The letter was addressed to Julia here, at 37 Trebovir Road. It was dated May 6, 2000, and it was signed by somebody called F.G. Mordant, Sales Director. It said: “We are pleased to be able to offer you a secretarial position, commencing on May 11, at a salary of £7.13s.6d a week. Please be at Star Yard as before at 8:15 a.m.”

“This was written on a manual typewriter,” said Josh. “You don’t often see that these days.”

“You don’t often see somebody being offered £7.13s.6d a week, either,” put in Ella. “That’s old money, before Britain went decimal, and that was over twenty-five years ago. Apart from the fact that a secretary gets seven pounds an hour these days, not seven pounds a week.”

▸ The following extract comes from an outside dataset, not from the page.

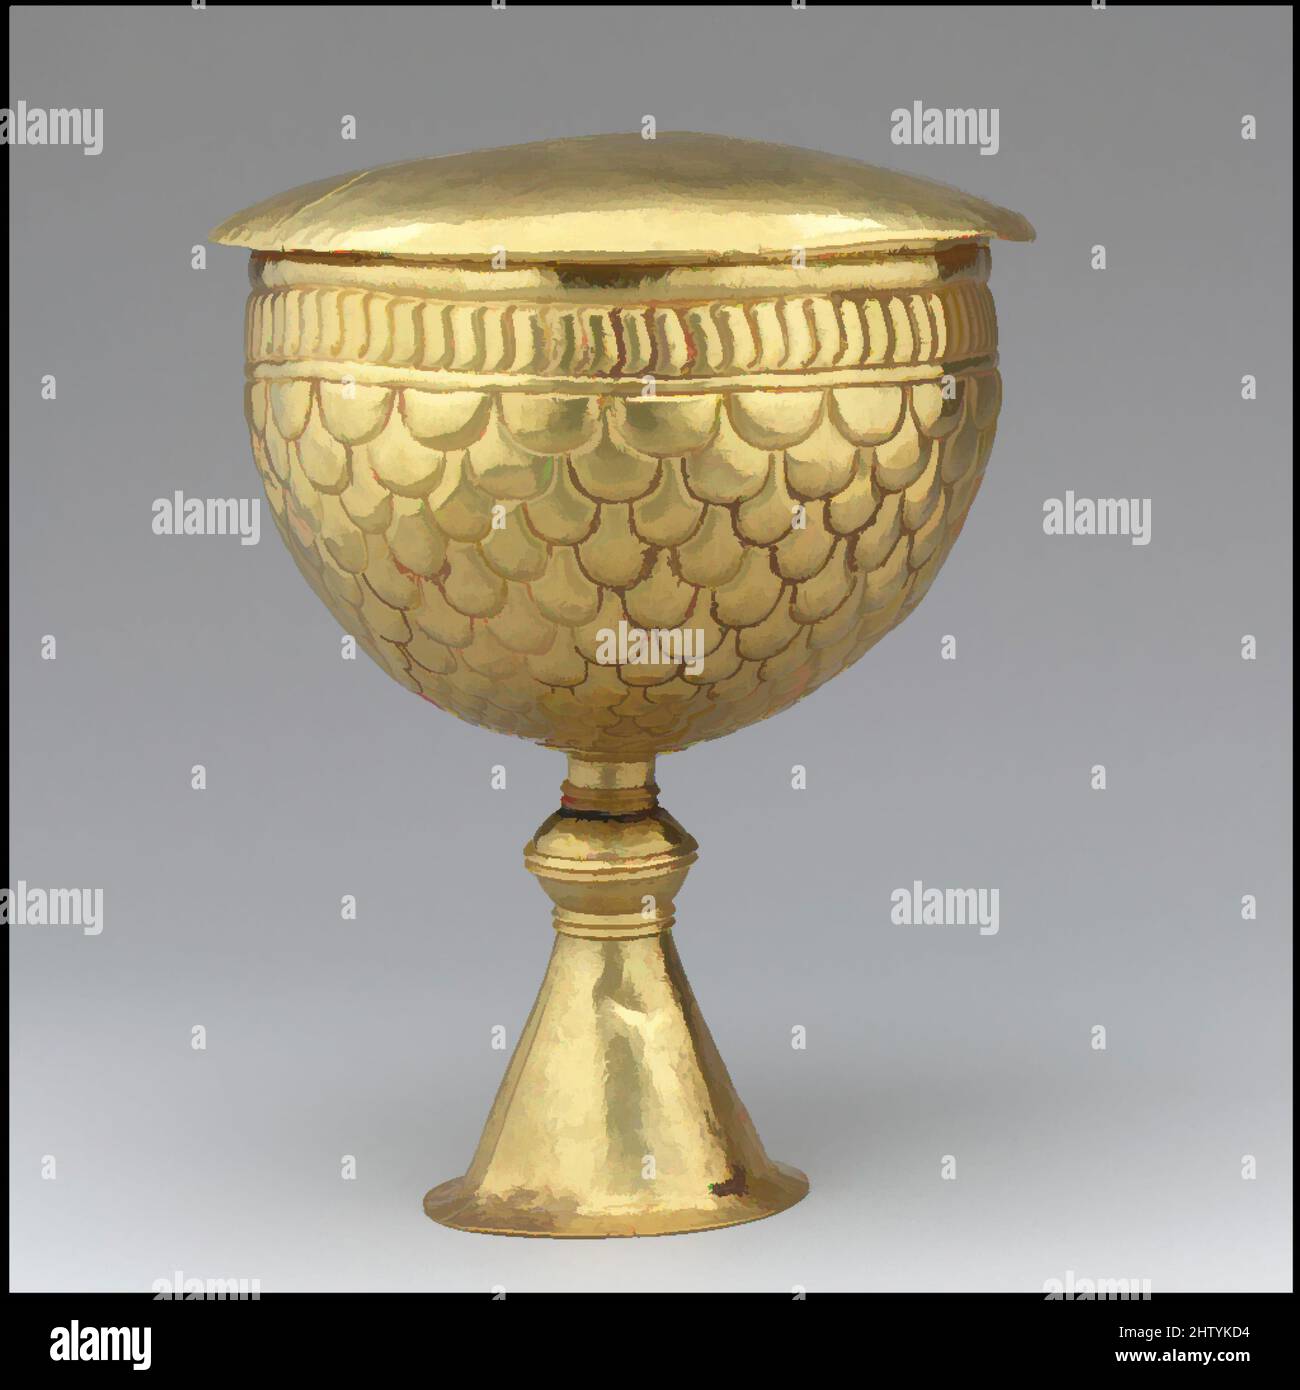 Art inspired by Gold Goblet and Cover (?), 700s, Avar or Byzantine, Gold, a only: 6 5/8 × 4 3/4 in., 13 Troy Ounces (16.8 × 12.1 cm, 418g), Metalwork-Gold, This goblet may in fact be a Byzantine export, though the foot of the cup does not conform to the standard shape of Byzantine, Classic works modernized by Artotop with a splash of modernity. Shapes, color and value, eye-catching visual impact on art. Emotions through freedom of artworks in a contemporary way. A timeless message pursuing a wildly creative new direction. Artists turning to the digital medium and creating the Artotop NFT Stock Photo

“Did you try calling this number?”

“No point. They haven’t had an EALing exchange since 1966. It’s all numbers these days. I tried directory enquiries, too, but they didn’t have any record of a company called Wheatstone Electrics.”

“What about Star Yard?”

“I looked that up in the A-Z. It’s just a little pedestrian cut-through off Carey Street, near the Law Courts. Right in the city – nowhere near the Great West Road.”

Josh turned the letter over. There was another address, written in blue ballpoint pen, on the other side. He recognized Julia’s writing immediately. 53b Kaiser Gardens, Lavender Hill. And the name Mrs Marguerite Marmion.

Ella poured boiling water into a large brown teapot and swirled it around. “Before you ask, there is no Kaiser Gardens in Lavender Hill, nor anywhere else in London, and there’s no Mrs Marguerite Marmion in the London telephone directory.”

“You’re sure about that?”

“Look them up for yourself. It’s possible that Mrs Marguerite Marmion hasn’t got a phone, or else she’s ex-directory. But if the street doesn’t exist …”

Nancy took the letter and examined it minutely. “This is really strange, isn’t it? I mean, it’s quite fashionable for companies to use a traditional old picture on their letterhead, but they’d put their up-to-date telephone number and fax and e-mail numbers on it, wouldn’t they?”

Ella shrugged. “What difference does it make, if there’s no such company?”

“Well, none. But if Julia didn’t go to the Wheatstone Electrics Company, where did she go?”

“My friend Wally thinks she was playing a practical joke. She must have found some old paper and made a copy of it.”

“You think so?” said Josh. “You feel this letterhead. It’s all embossed, and embossing doesn’t come cheap. Why would Julia go to the expense of producing a single sheet of embossed paper, just for a practical joke? And if it was a practical joke, what was the point of it?”

“Maybe she found an original sheet of paper from the 1930s,” Ella suggested.

Nancy rubbed it between her fingers and sniffed it. “I don’t know. It looks new. It feels new. It even smells new.”

They sipped tea for a while, in silence. Josh thought that it tasted like boiled hedges, but it was strangely soothing, and cleared his sinuses. He passed the letter back to Ella and said, “Did you try going out to the Great West Road, to see if this factory’s actually there?”

“No, we didn’t. We talked about it, but you know. It looked like Julia wanted to disappear and that she didn’t want anybody to find her. We decided that leaving us a letter like this was her way of saying that she was going to start a new life, and that she didn’t want any of us to be a part of it.

“But somebody murdered her. We have to find out where she went.”

“I don’t know. I wish I could help.”

Abraxas came up to Josh and nuzzled against his knee. “That dog likes you,” Ella smiled. “That’s very unusual. I’ve always taught him to bite first and ask questions afterwards.”

Nancy smiled. “Josh has a certain way with animals, don’t you Josh? I think he understands them much better than he understands people. He has a degree in animal behavior.”

“Seven-tenths of a degree in animal behavior,” Josh corrected her. “I was asked to reconsider my future after I prescribed Prozac for a chronically depressive ragdoll. I happen to believe that there isn’t very much difference between animals and people. They’re both stupid. But it’s amazing what they can do if you encourage them.”

“Hey, I don’t think dogs are stupid,” said Ella. “I think they’ve got incredible abilities.”

“They do, you’re absolutely right. But they’re far too lazy to use them. Evolution, who needs it, when you’ve got a nice warm basket and all the food you can eat.”